Problem details: For this exercise, write out the full listing that follows exactly and skip its pictures.

Exercise data:

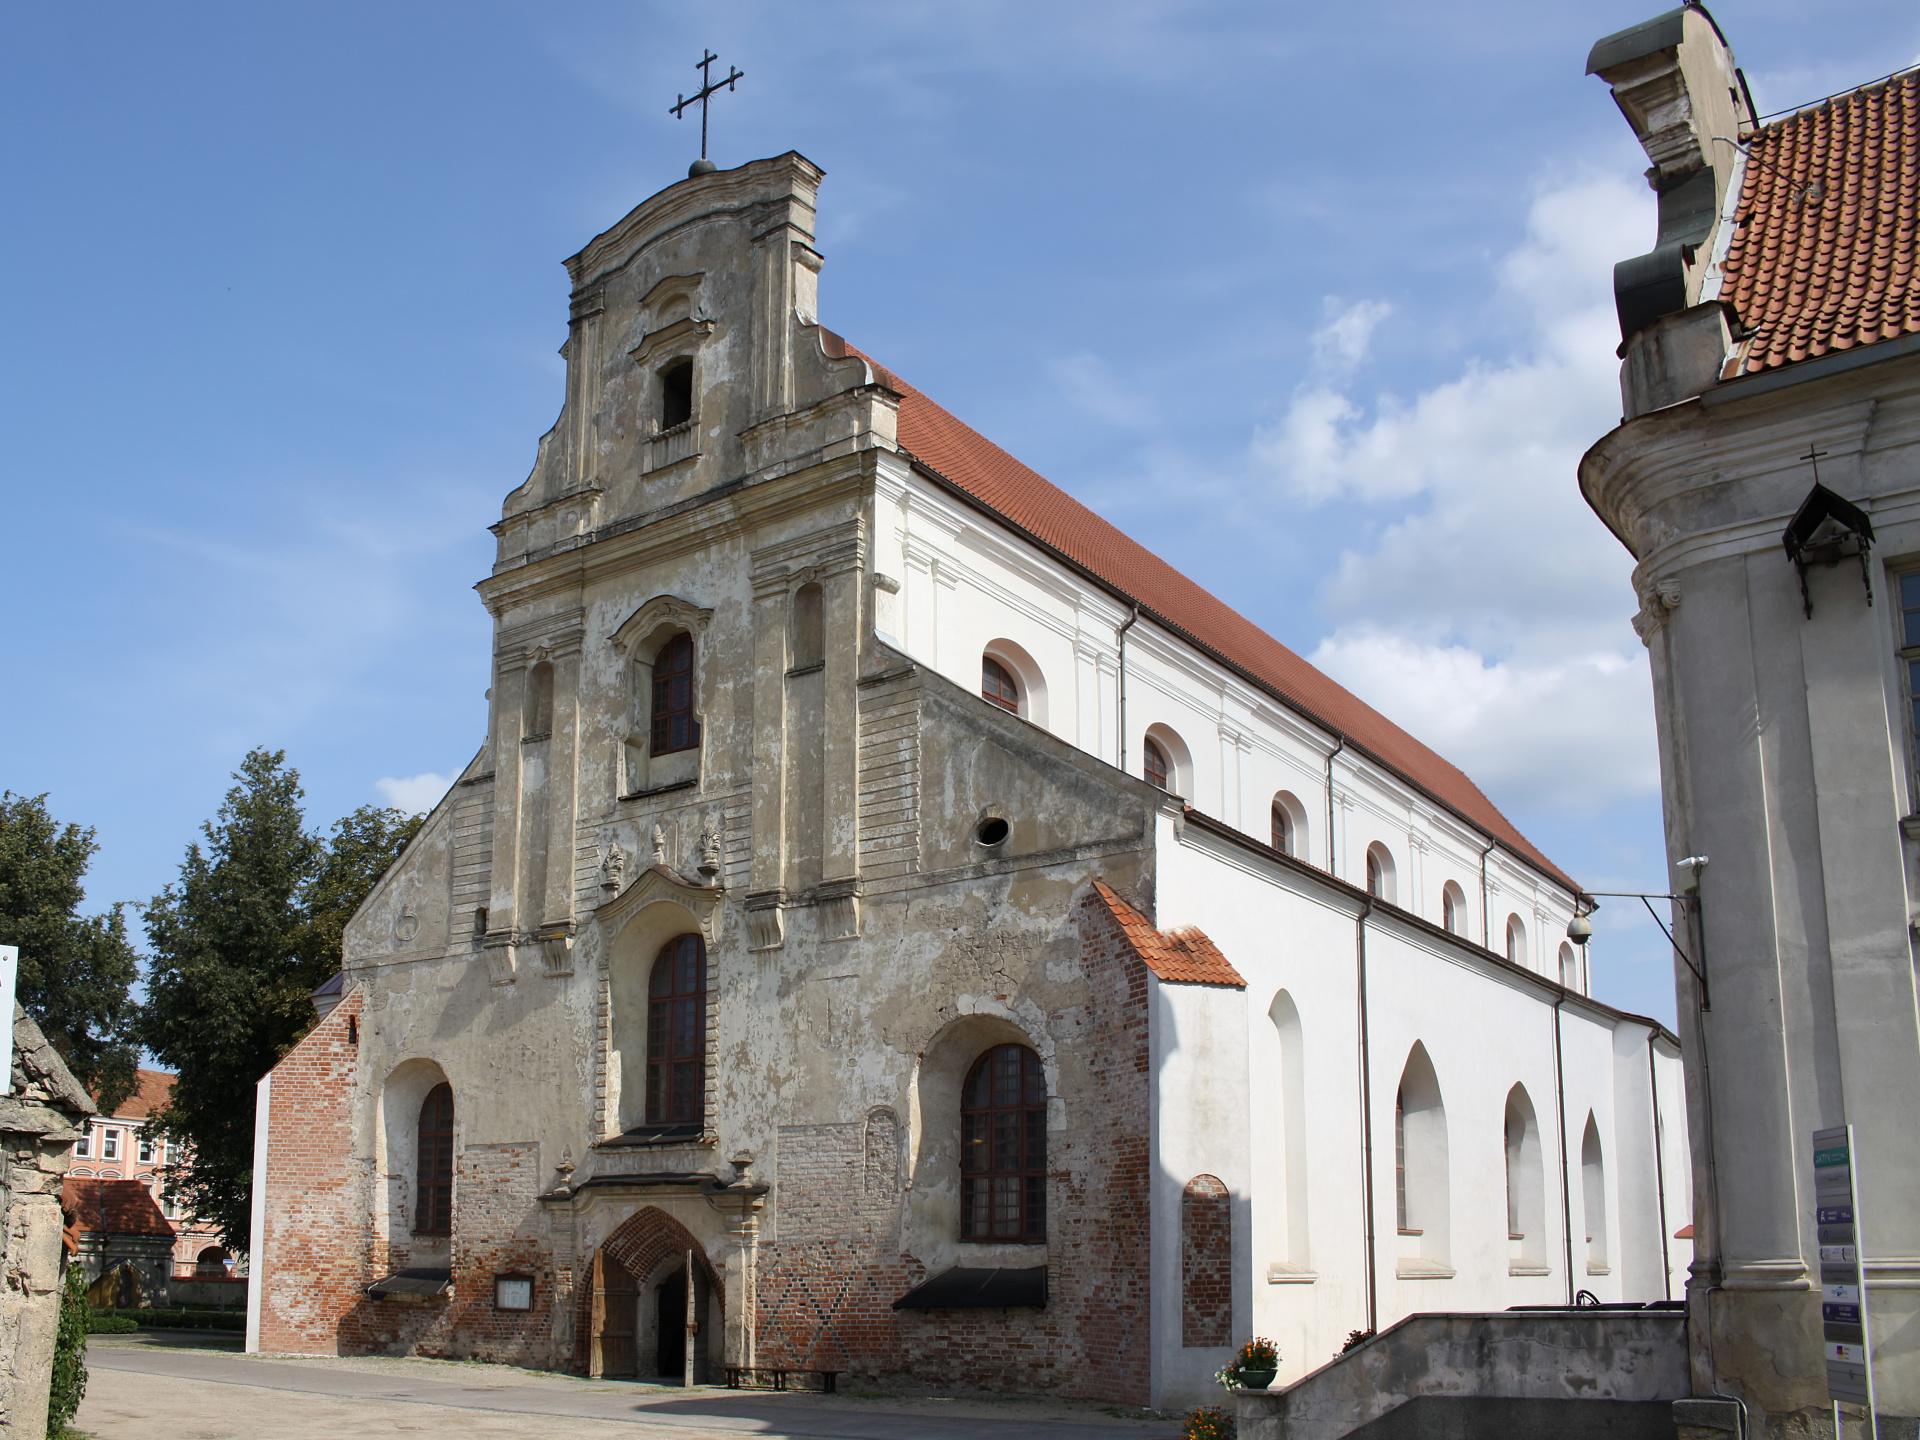 Kościół Wniebowzięcia Najświętszej Marii Panny (Podróże » Wilno » Kościoły i cerkwie)
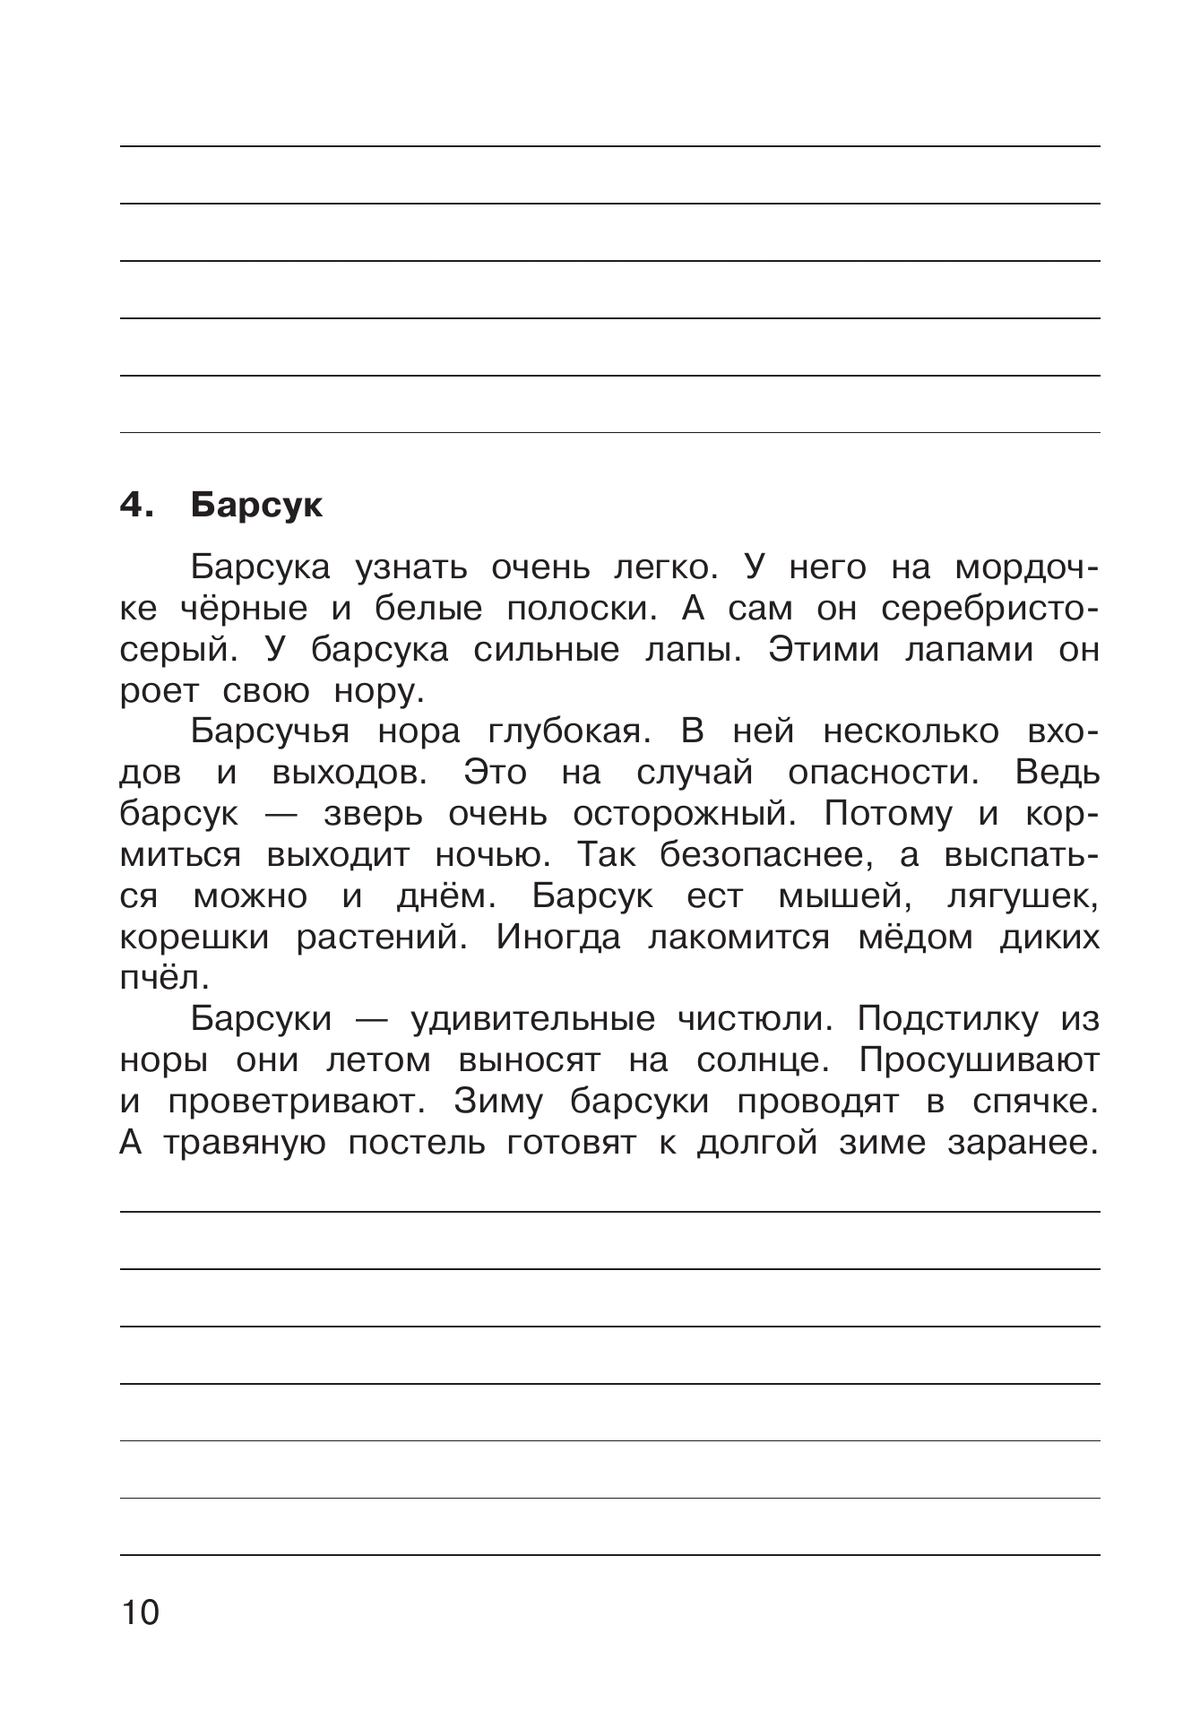 Русский язык. 3 класс. В 2 частях. Часть 1. Рабочая тетрадь к учебному пособию 9
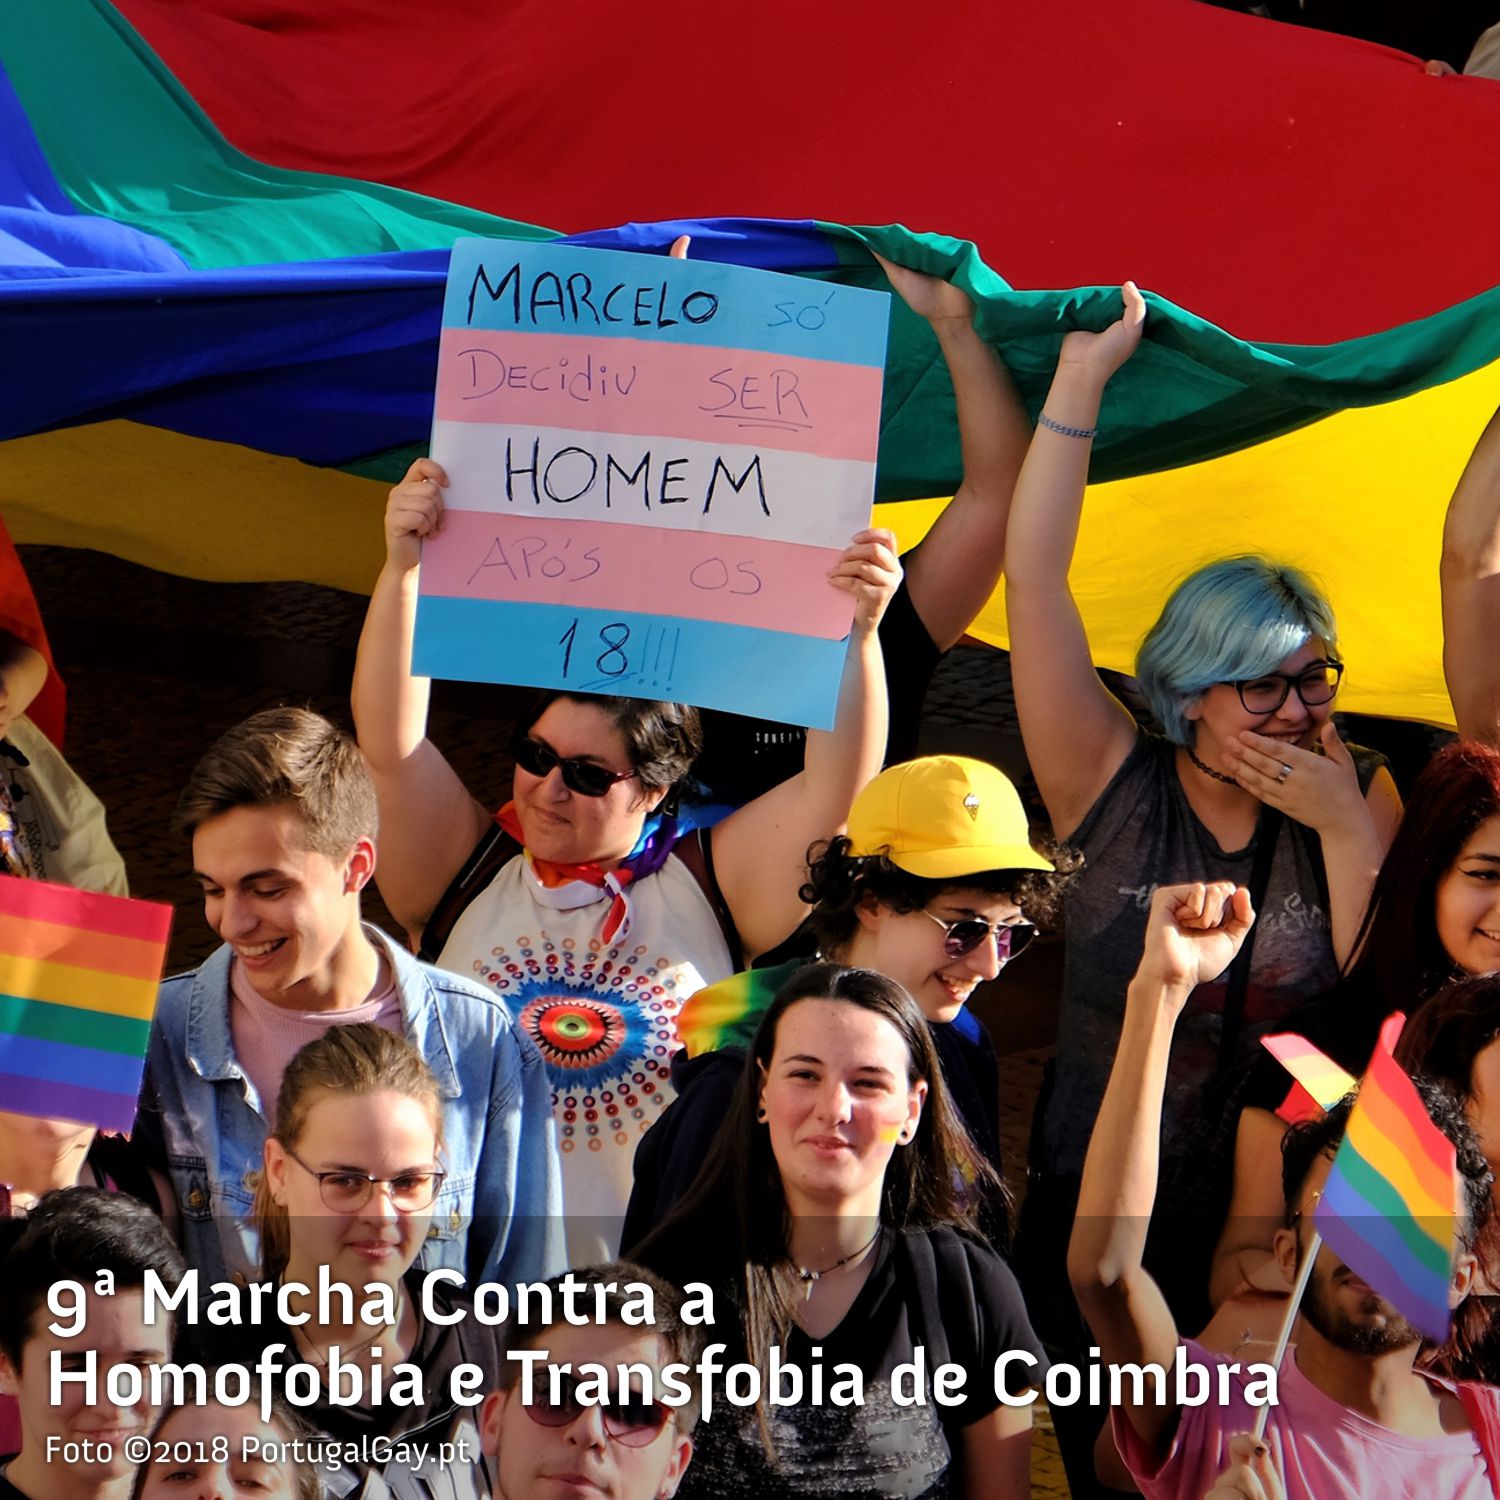 PORTUGAL: Marcha Contra a Homofobia e Transfobia de Coimbra

Solved exercise:
 Kościół Wniebowzięcia Najświętszej Marii Panny (Podróże » Wilno » Kościoły i cerkwie)
 Русский язык. 3 класс. В 2 частях. Часть 1. Рабочая тетрадь к учебному пособию 9
 PORTUGAL: Marcha Contra a Homofobia e Transfobia de Coimbra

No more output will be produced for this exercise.